XIII. Myth vs. Reality
| Common Narrative | Reality Check |
|---|---|
| "Casino REITs are recession-proof" | Regional casinos proved resilient in 2008 and COVID, but aren't immune to extended downturns. GLPI cut its dividend during COVID. |
| "GLPI just collects rent passively" | Increasingly, GLPI functions as a construction lender and development partner, taking on more project risk. |
| "Gaming REITs benefit from Vegas growth" | GLPI specifically avoided Vegas exposure, focusing on regional markets.
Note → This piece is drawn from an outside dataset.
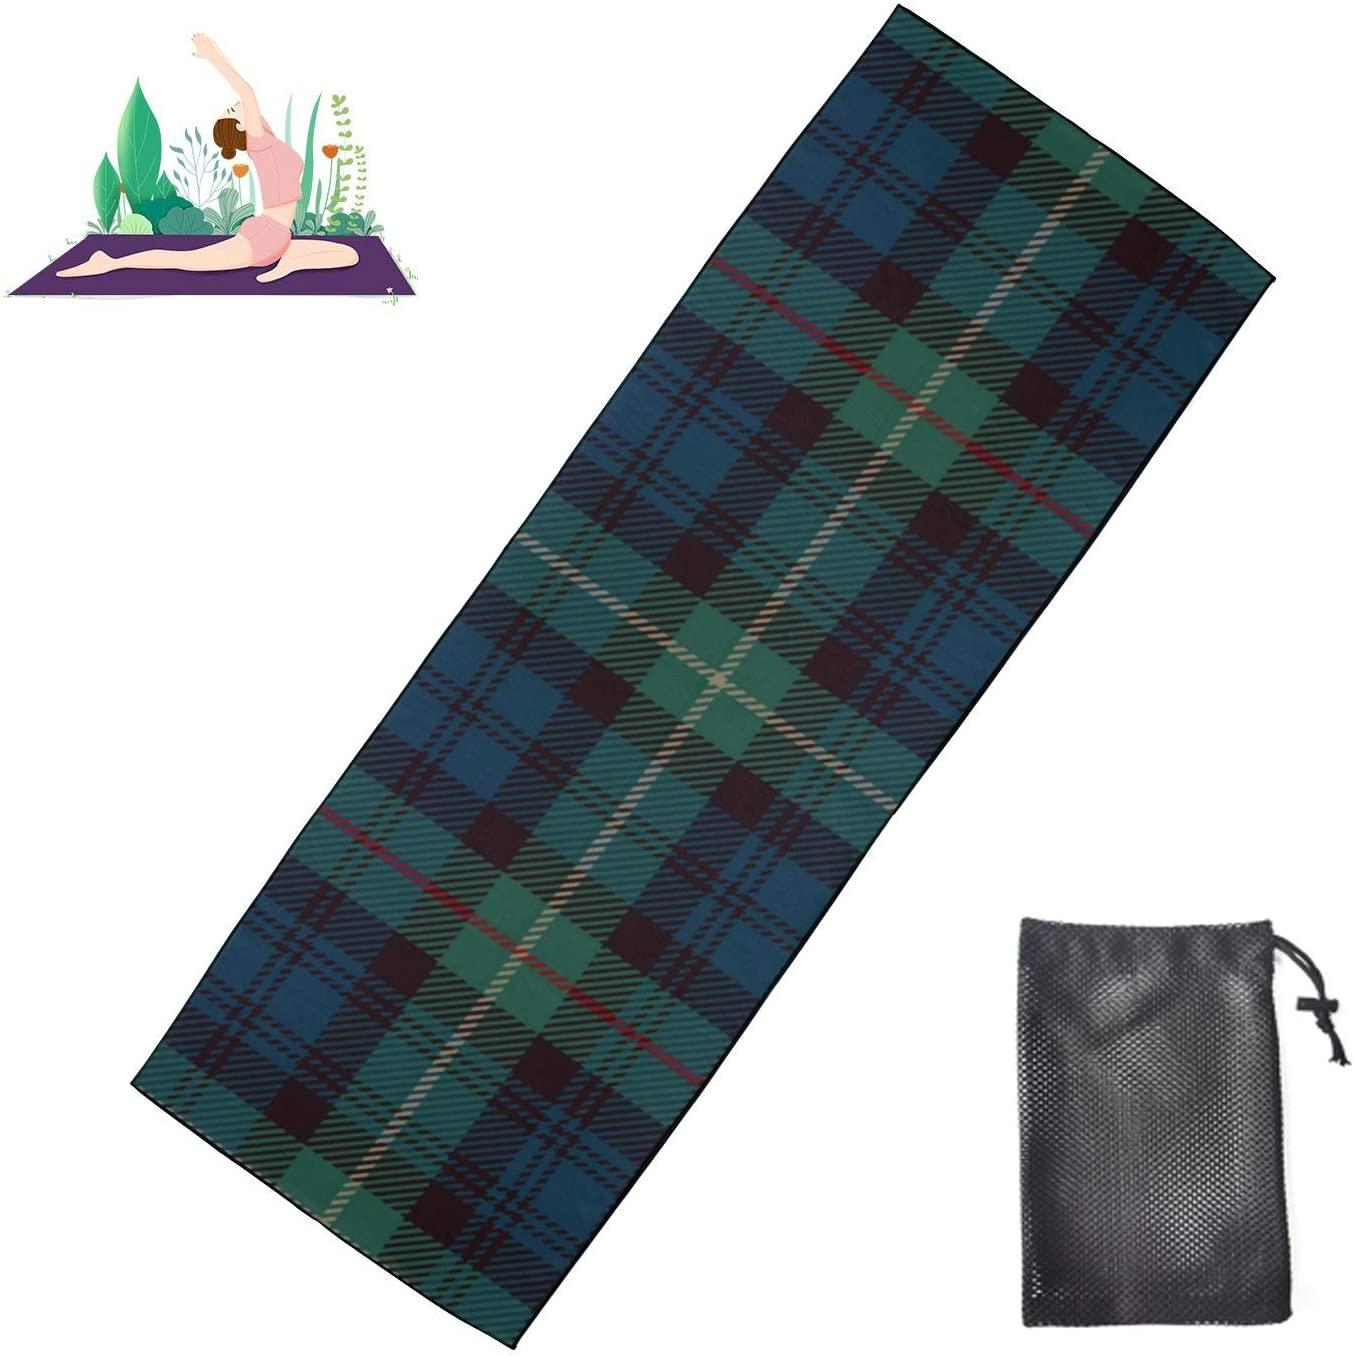 JGYJF Modern Yoga Mat Tartan Blue Black Cute Yoga Mat Microfiber Super Soft and Sweat Absorbent, Ideal for Hot Yoga, Pilates and Workout

Only the Tropicana site represents Strip exposure. |
| "Triple-net means zero risk" | Tenant credit quality is paramount. If tenants can't pay rent, the triple-net structure doesn't help. |
XIV. Conclusion: The House That Won by Not Gambling
Peter Carlino didn't discover a new industry or invent a new technology. He recognized a structural inefficiency hiding in plain sight: casino operators owned billions in real estate that Wall Street valued at a discount because it was bundled with volatile gaming operations.
By separating the landlord function from the operator function, GLPI unlocked value for Penn National shareholders, created a new category of institutional-grade real estate investment, and established barriers to entry that persist eleven years later.
Reflecting our disciplined operating strategy, a hallmark of the Company since our formation eleven years ago, and excluding the original transaction with PENN Entertainment, we have executed over $12 billion of gaming real estate related transactions, adding over $900 million of annual rent or financing revenue to our portfolio, at attractive and accretive average multiples.
The gaming REIT model proved its durability during COVID—collecting 98%+ of rents while every casino in America was shuttered. It demonstrated scalability through the Pinnacle acquisition. And it continues evolving as GLPI transitions from passive landlord to active development partner.
Today's GLPI is not your grandfather's triple-net REIT. The company is funding the construction of Chicago's first major casino, backing Major League Baseball's newest stadium on the Las Vegas Strip, and partnering with tribal gaming operations on reservation developments. Each project takes GLPI further from its origins as a simple real estate holding company.
The question for investors is whether this evolution creates value or introduces risk. Passive rent collection is predictable; construction lending is not. Regional casinos are stable; Las Vegas Strip development is volatile.
What remains constant is the fundamental insight that launched GLPI in 2013: casino operators don't need to own their real estate, and REITs are better suited to own these specialized assets than traditional real estate investors. As long as that structural advantage persists—and as long as gaming regulators maintain their exacting standards—GLPI's competitive position remains secure.
The house won by not gambling. Whether it keeps winning depends on how carefully it places its next bets.